_Activity_
The output should match, line for line, the records from the line containing "Pair of swans, illustration, vector" through the line containing "SplitLevel House Plans Home Design 3468", with every picture left out.

_Records provided_
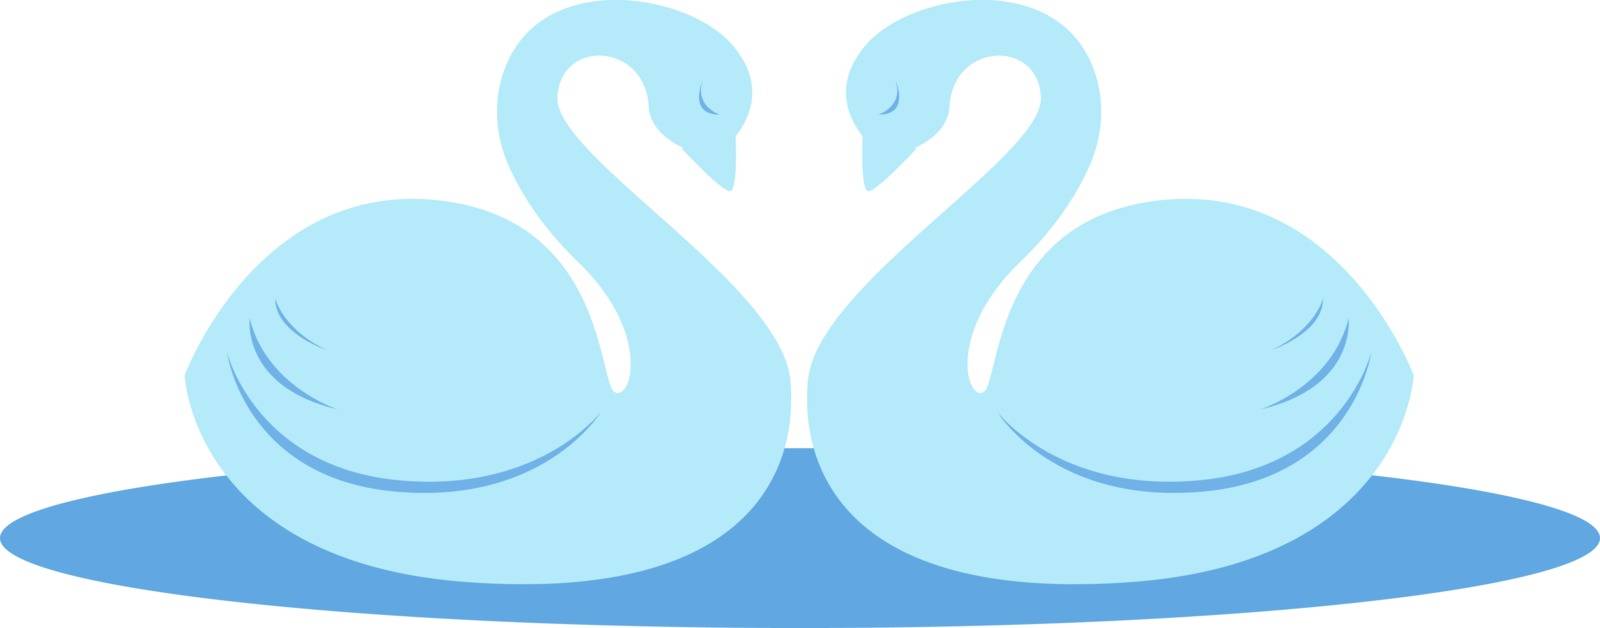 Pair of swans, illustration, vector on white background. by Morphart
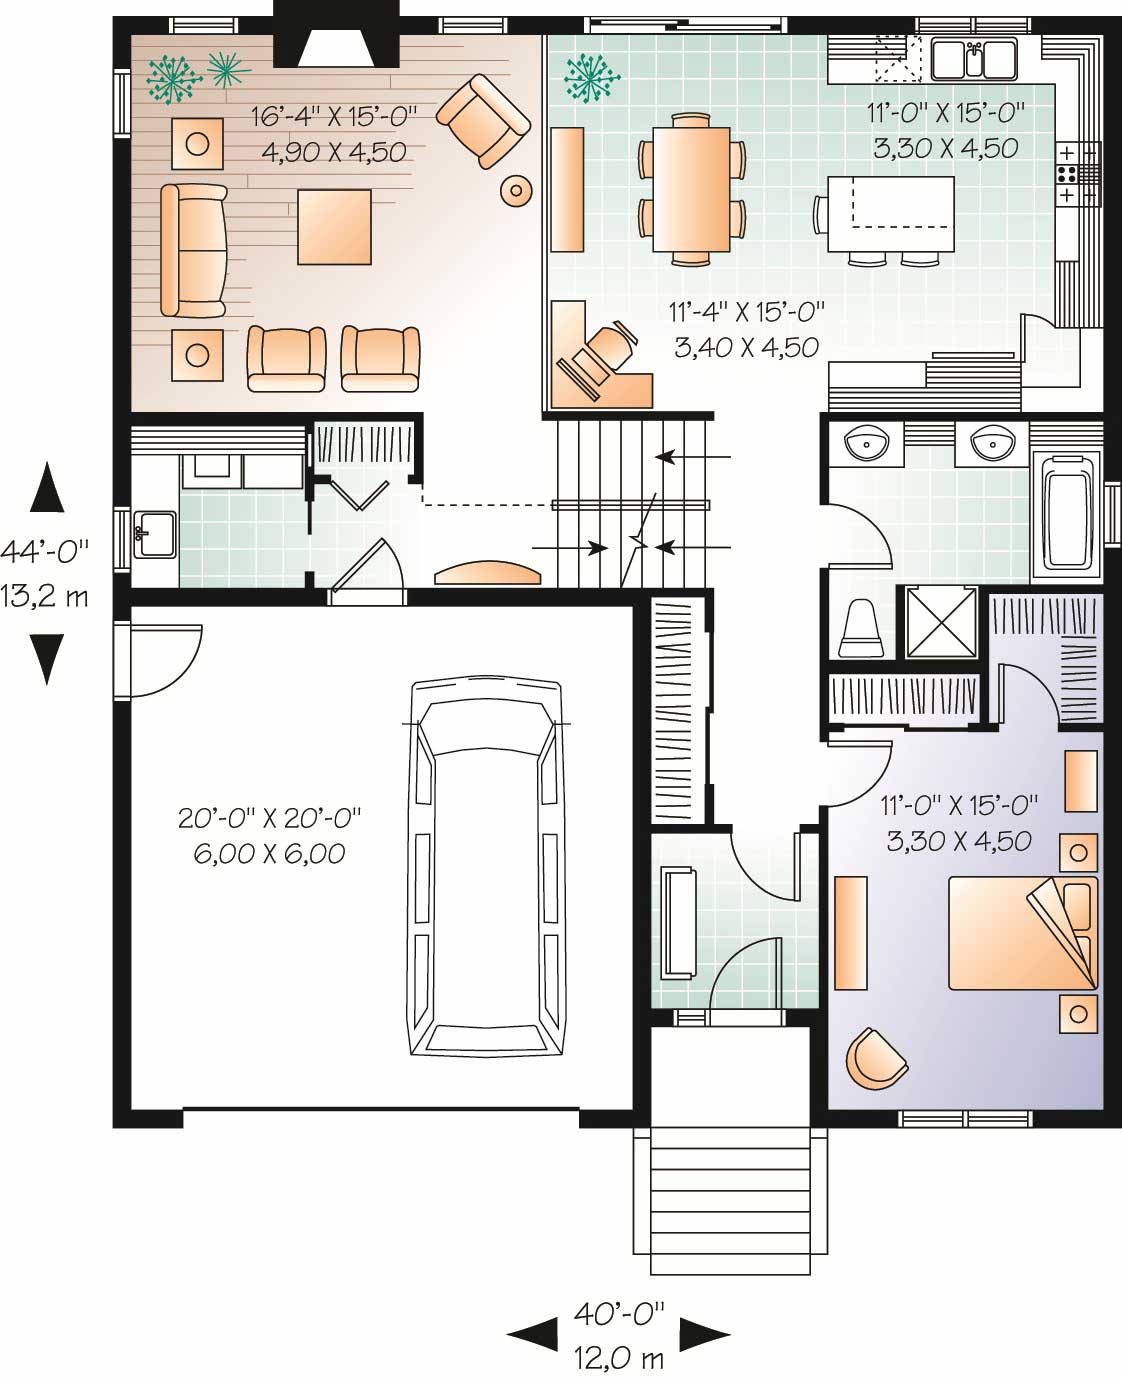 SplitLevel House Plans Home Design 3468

--

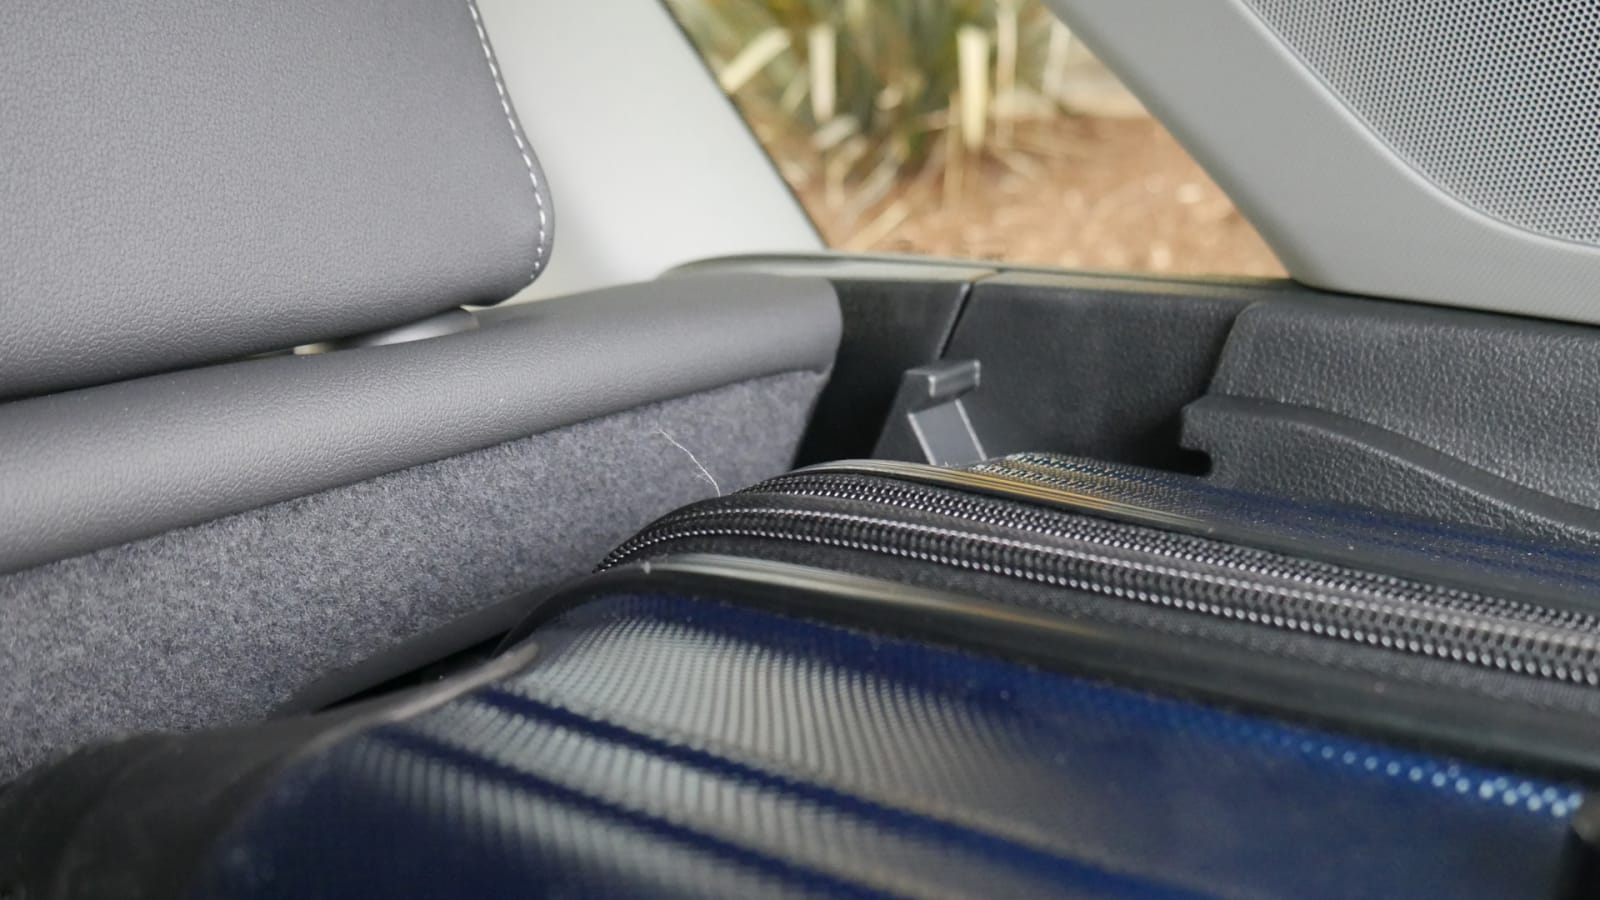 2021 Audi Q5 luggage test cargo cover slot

_Response box_
 Pair of swans, illustration, vector on white background. by Morphart
 SplitLevel House Plans Home Design 3468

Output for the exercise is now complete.